■ **WORK ITEM**
Every line of the data below must be output exactly, with images left out.
── GIVEN MATERIAL
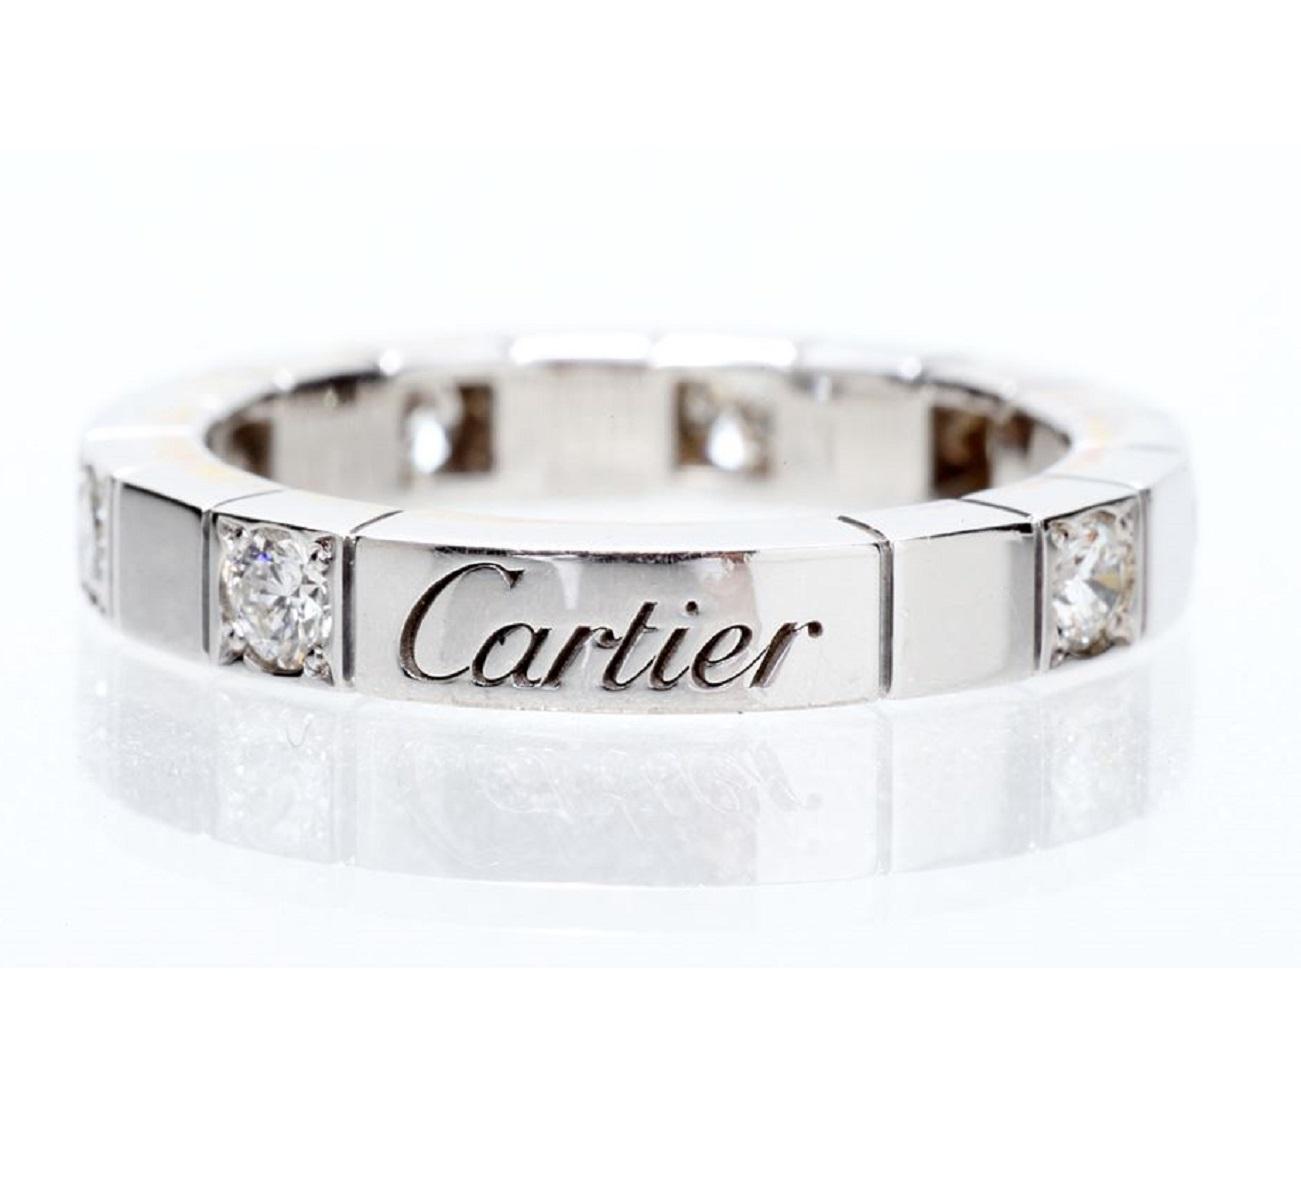 Cartier カルティエ ラニエール ハーフダイア #46 750WG ホワイトゴールド 送料無料 【トレジャースポット】【中古】
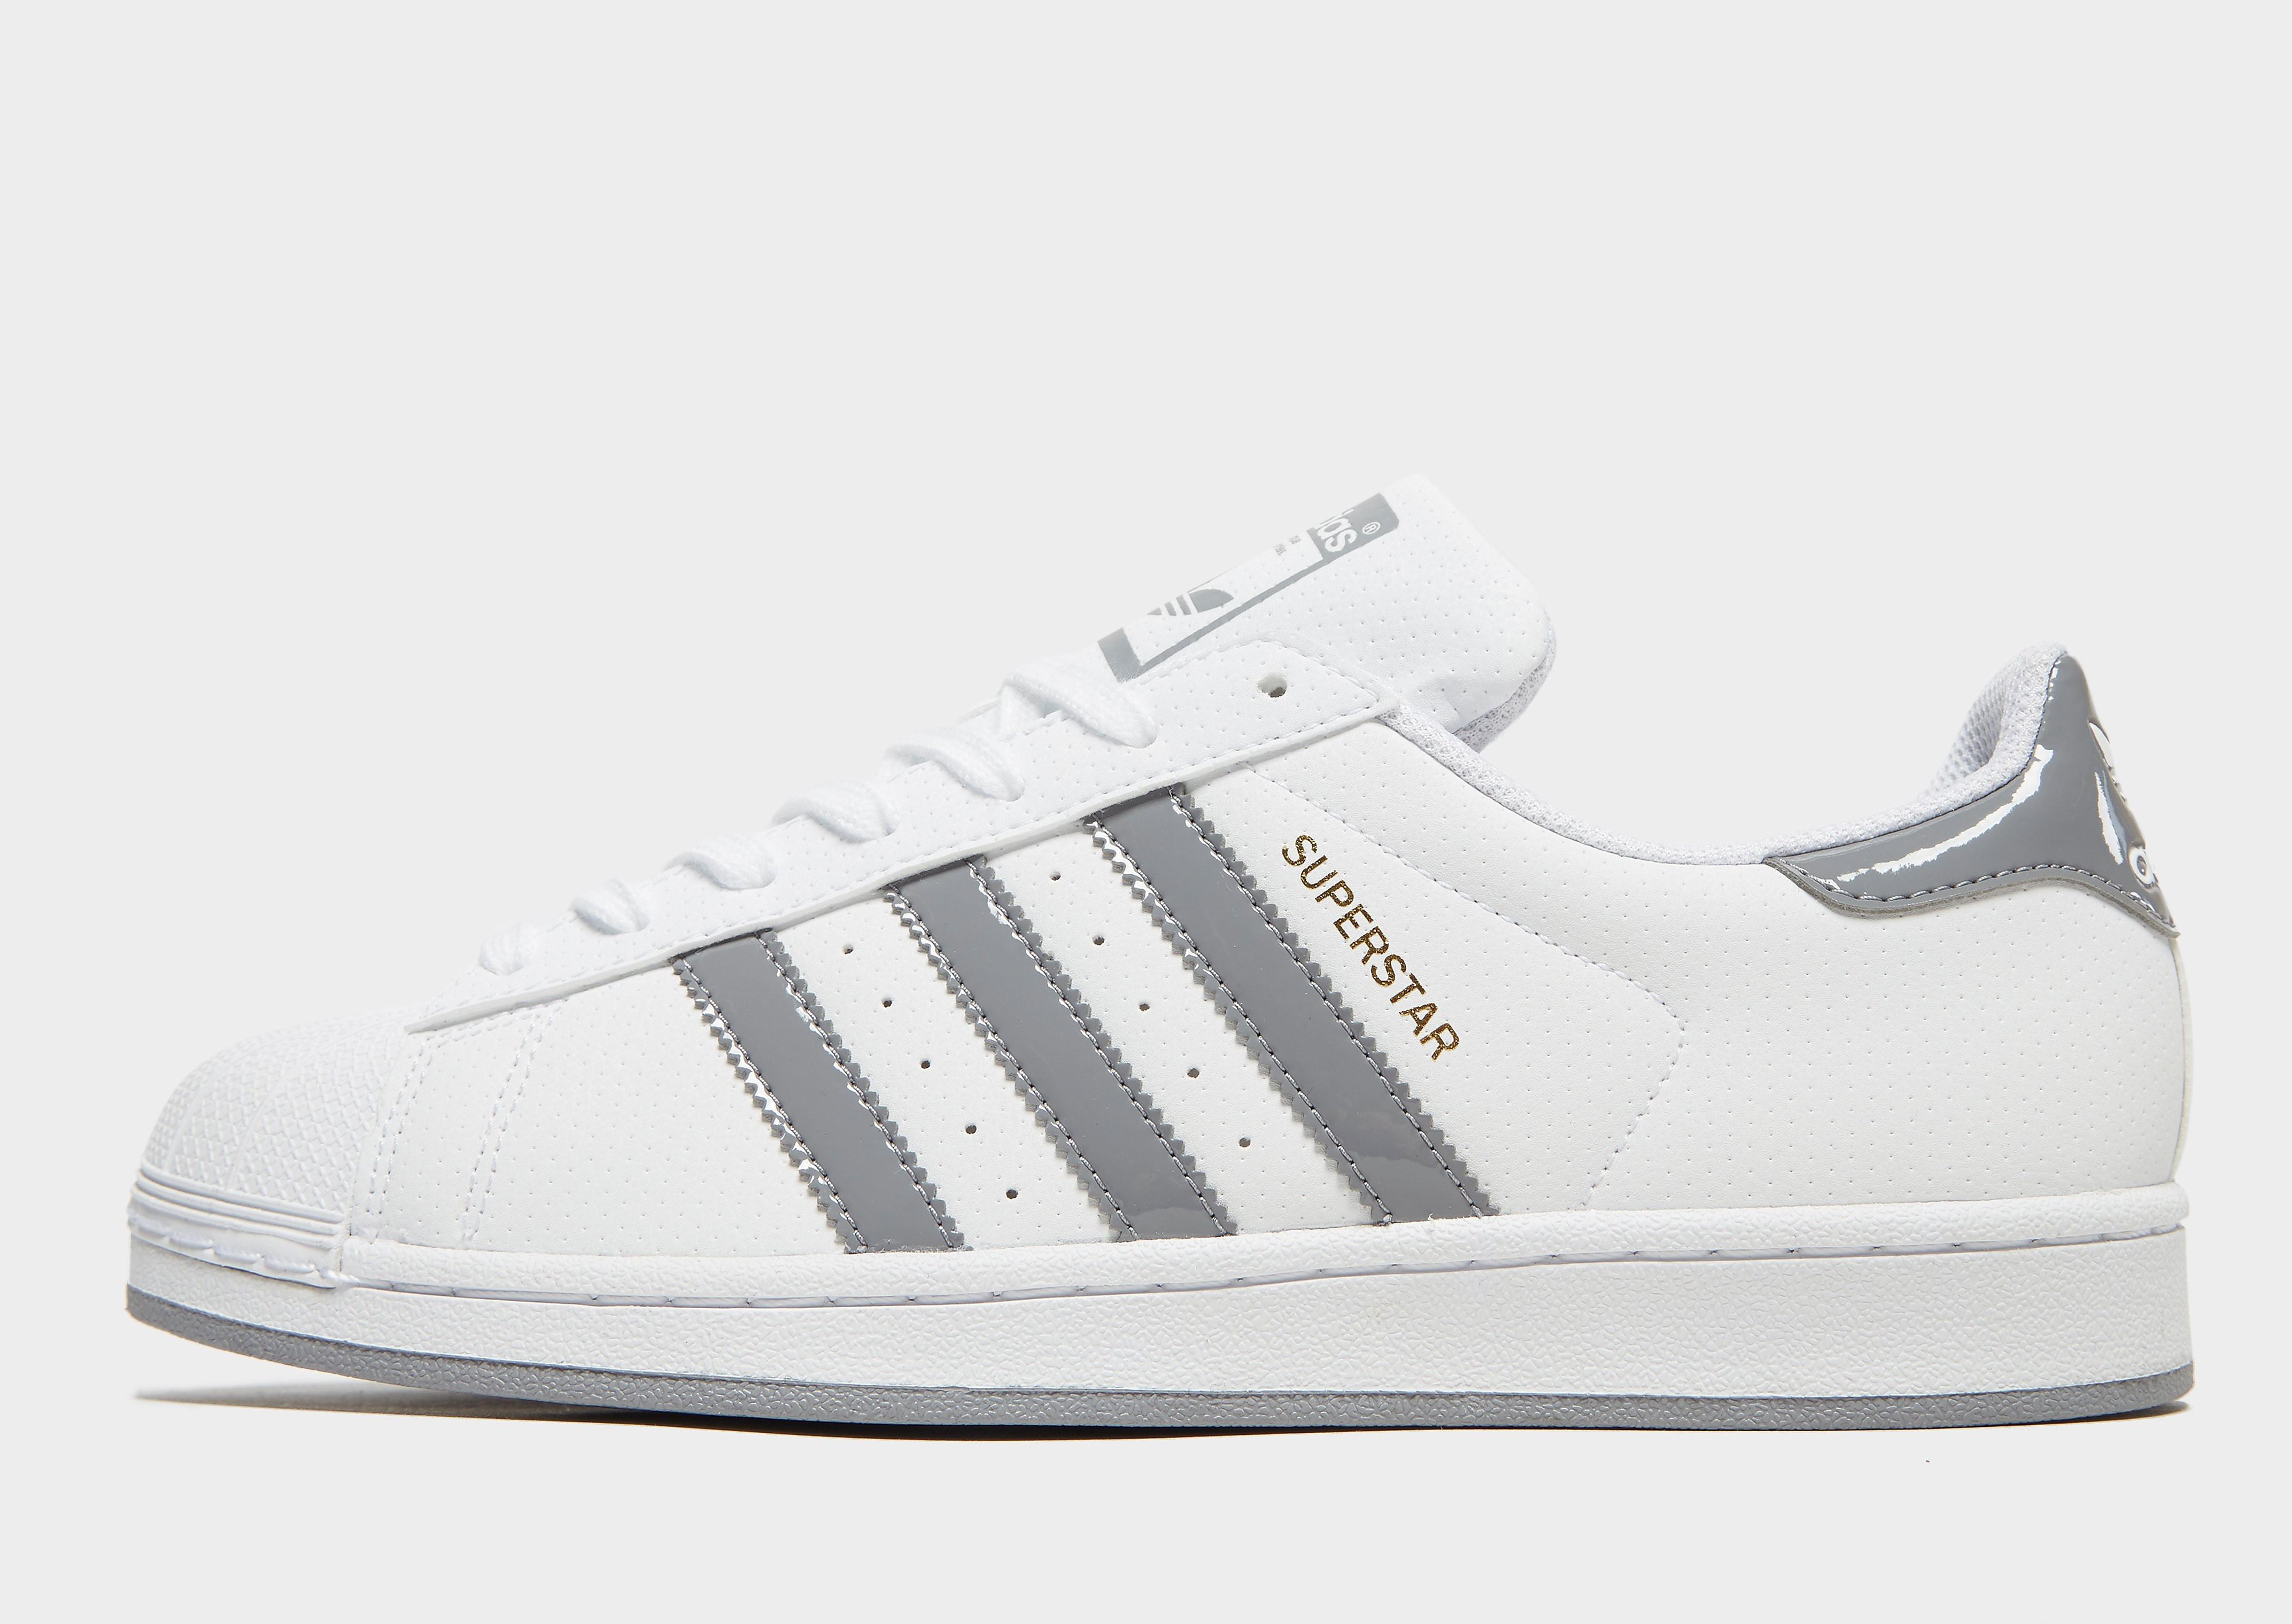 7f9438c72c8 Adidas Superstar sneakers kopen? | +500 modellen - theSneaker.nl
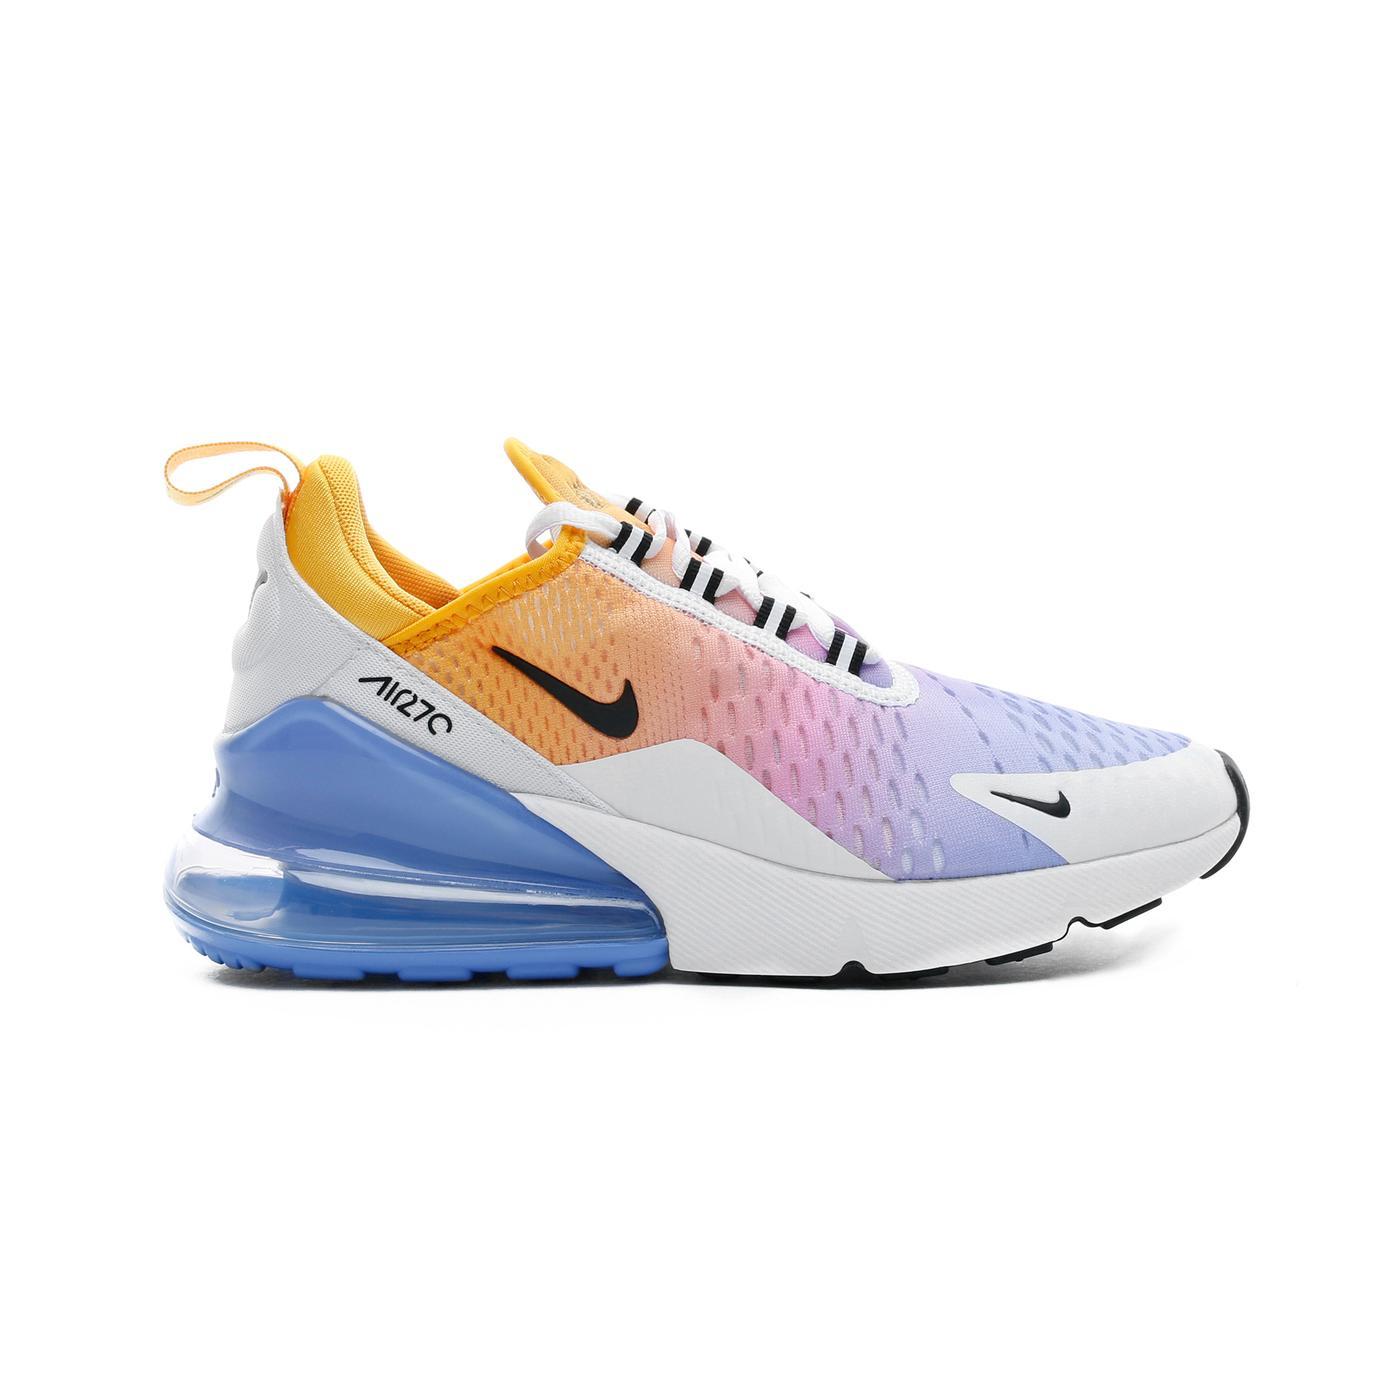 Nike Air Max 270 Sarı - Mavi Erkek Spor Ayakkabı
────
■ **YOUR SOLUTION**
 Cartier カルティエ ラニエール ハーフダイア #46 750WG ホワイトゴールド 送料無料 【トレジャースポット】【中古】
 7f9438c72c8 Adidas Superstar sneakers kopen? | +500 modellen - theSneaker.nl
 Nike Air Max 270 Sarı - Mavi Erkek Spor Ayakkabı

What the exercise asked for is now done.